Work item:
Images in the data are to be skipped, while every line is restated exactly as written.

Data block:
☆ ☆ ☆ ☆ ☆
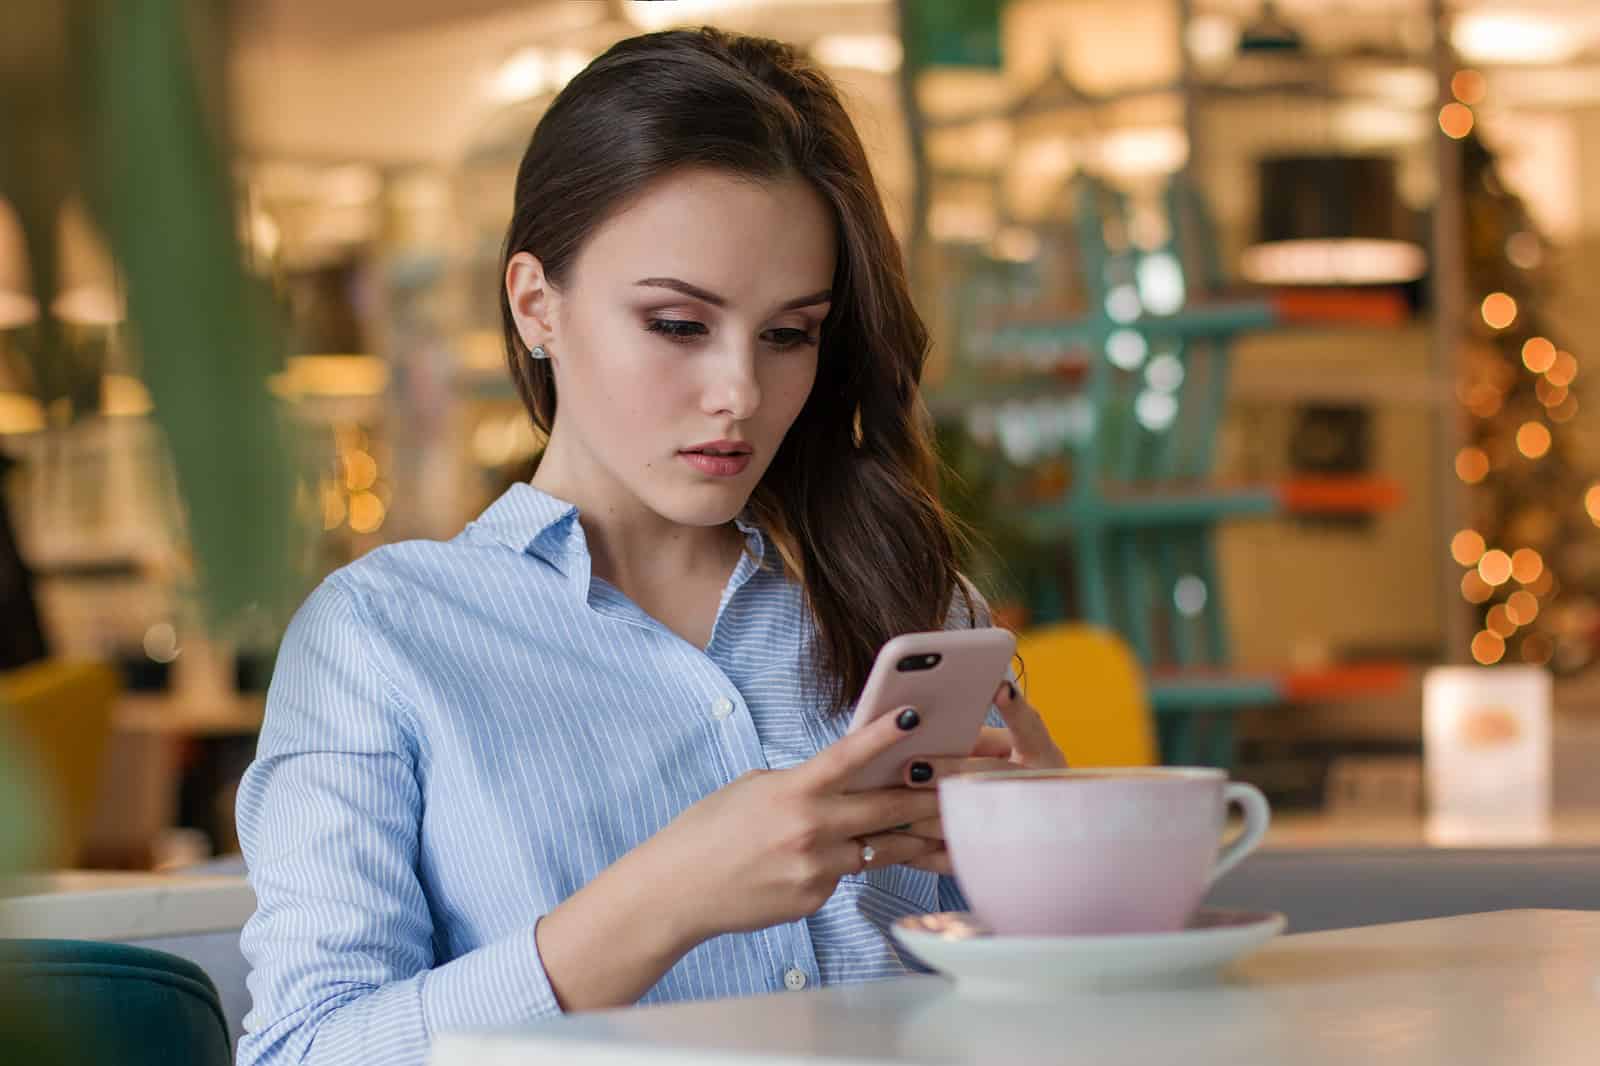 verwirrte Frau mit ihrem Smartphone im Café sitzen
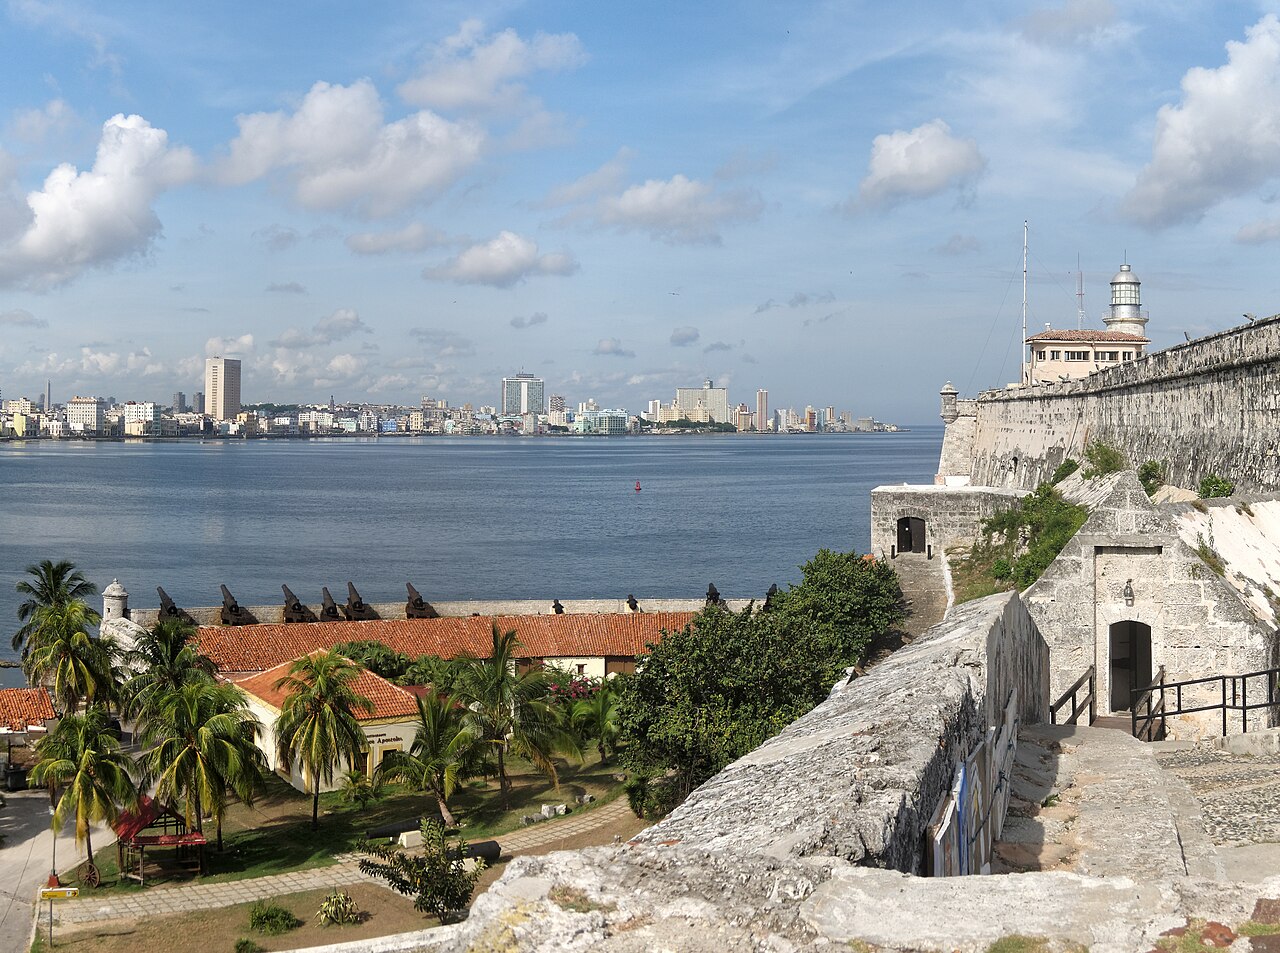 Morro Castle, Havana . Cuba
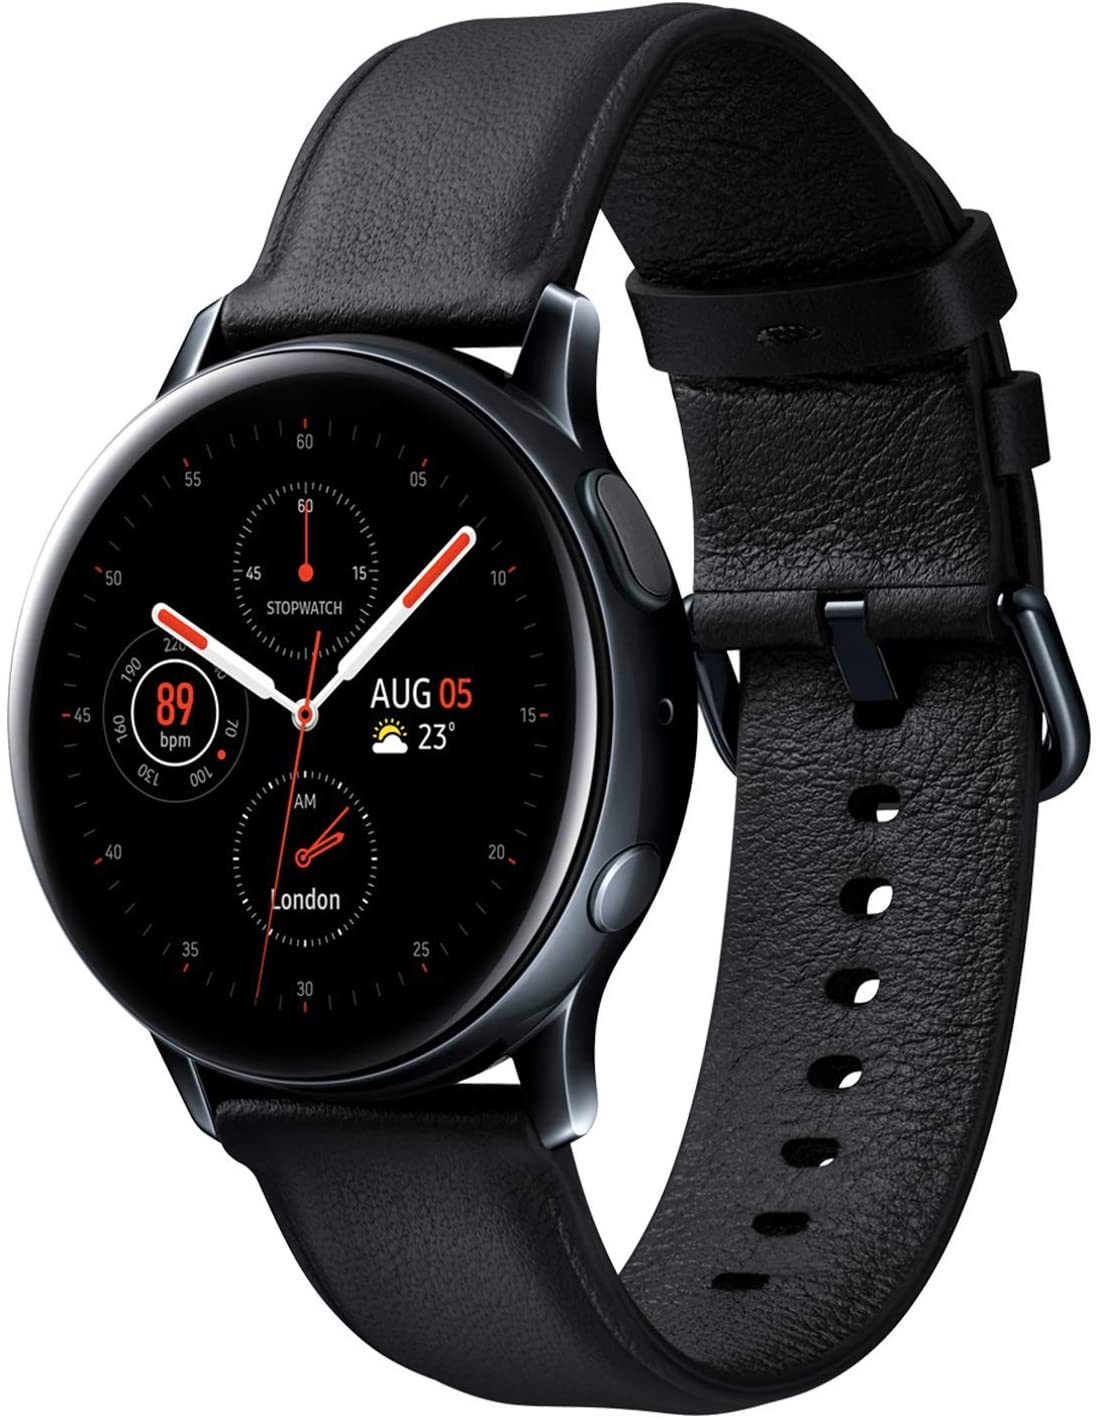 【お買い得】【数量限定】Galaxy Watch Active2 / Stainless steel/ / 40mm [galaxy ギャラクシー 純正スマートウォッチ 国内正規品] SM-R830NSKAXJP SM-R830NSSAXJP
☆ ☆ ☆ ☆ ☆
Answer to this task:
 verwirrte Frau mit ihrem Smartphone im Café sitzen
 Morro Castle, Havana . Cuba
 【お買い得】【数量限定】Galaxy Watch Active2 / Stainless steel/ / 40mm [galaxy ギャラクシー 純正スマートウォッチ 国内正規品] SM-R830NSKAXJP SM-R830NSSAXJP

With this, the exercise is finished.